Rifle: Remington Model 700
More than 5 million 700s have been sold—for good reason. Remington’s flagship bolt-action rifle has seen duty in war and in the woods, and the common trait of all 700s is its accuracy. For deer hunters, that means venison.

Shotgun: Savage 220F
Several Midwestern states prohibit the use of rifles for whitetail hunting, so Savage Arms built a shotgun on the same basic design as its renowned rifles. It takes a bolt-action receiver and mates it with a 20-gauge rifled barrel. Add an AccuTrigger and it’s a slug gun capable of 1.5-inch (3.8-cm) accuracy that’s plenty for deer but without undue recoil of a 12-gauge.

Muzzleloader: CVA Apex
This muzzleloader feels more like a modern rifle than any front-stuffer going. It sports lightweight, stainless steel for corrosion resistance, has a quality Bergara barrel for accuracy, and a glorious trigger. I like its rubberized stock that’s quiet in the woods. Take time to experiment with various bullets and charges, and it might shoot 2-inch (5-cm) groups.

Compound Bow: PSE X Force
All of the top bow companies produce wonderful bows—Mathews, Hoyt, Bowtech, among others—but PSE’s X Force technology revolutionized the industry. Engineers found they could take short little limbs and make them extend beyond parallel to produce the world’s fastest arrow speeds. It’s also quiet—and deadly accurate.
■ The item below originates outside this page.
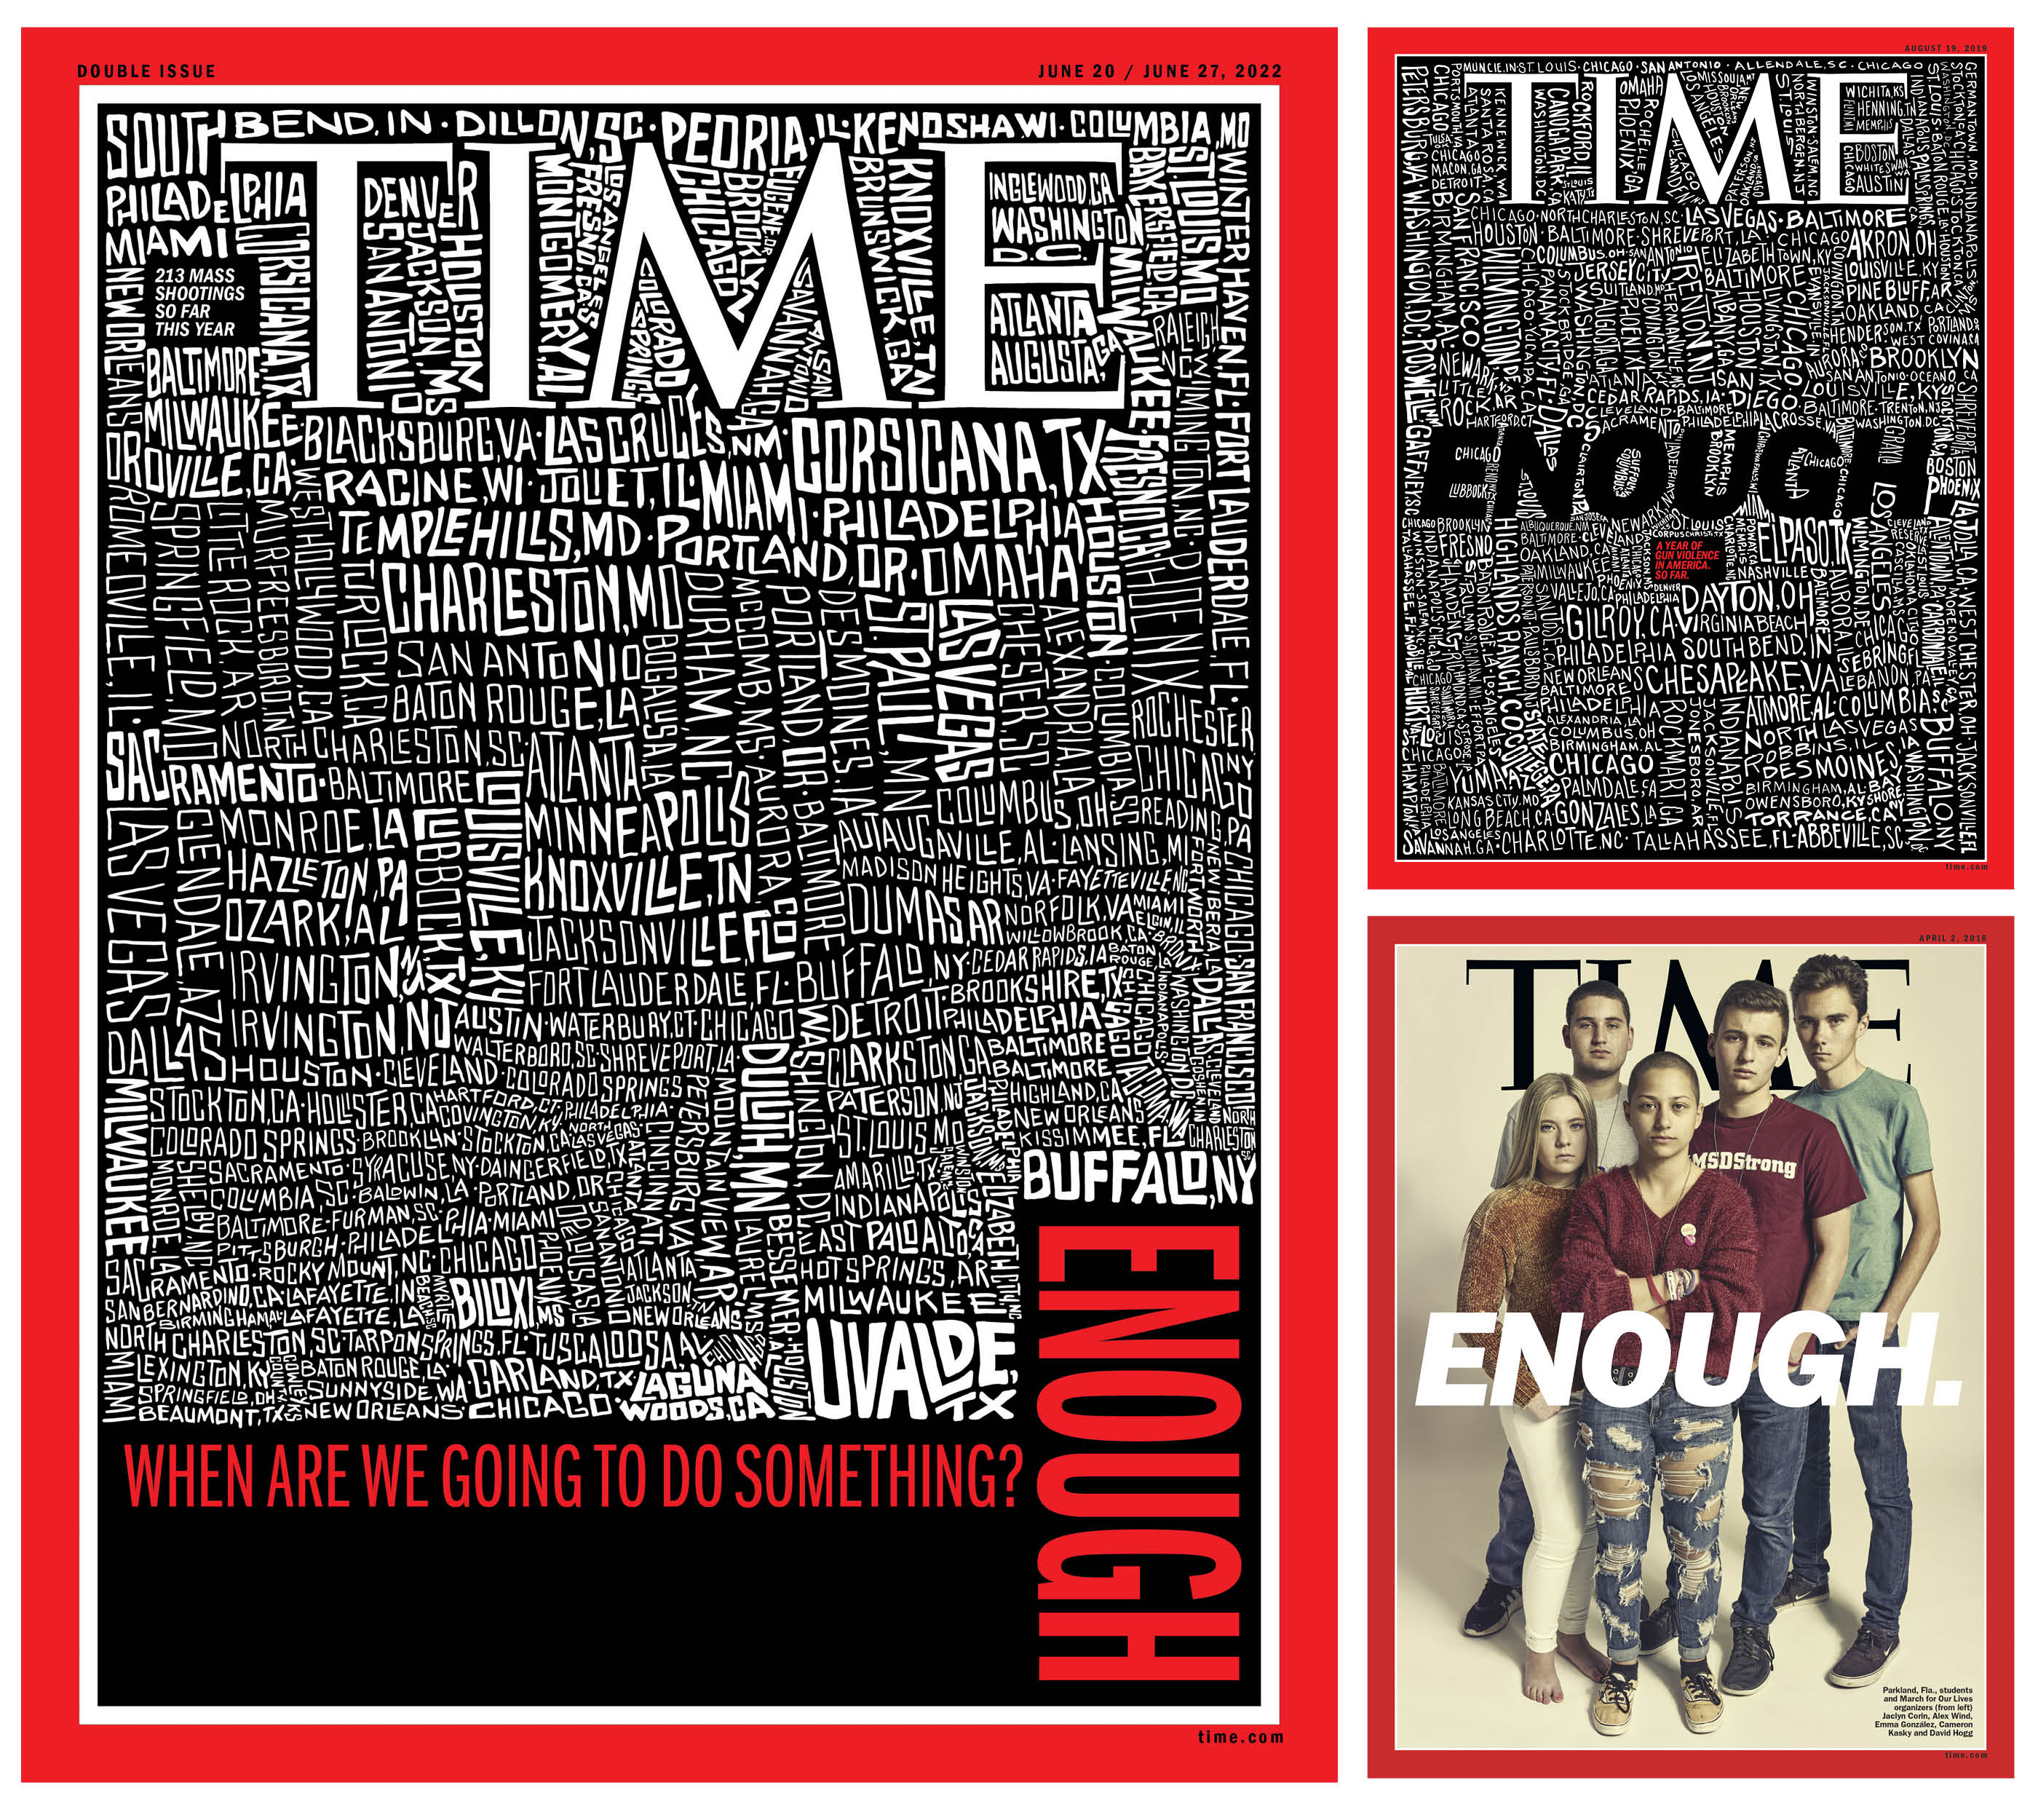 TIME Enough covers

Crossbow: Stryker Strykezone 380
The Strykezone is ridiculously accurate thanks to its quality construction and light trigger. I shot some grapefruit-sized groups at 80 yards (or meters). It’s more compact than most crossbows, and therefore less cumbersome in the woods—a huge attribute when hunting whitetails that have ears like radar beacons. With more states allowing crossbows for whitetails, it’s a handy tool to have in the bag.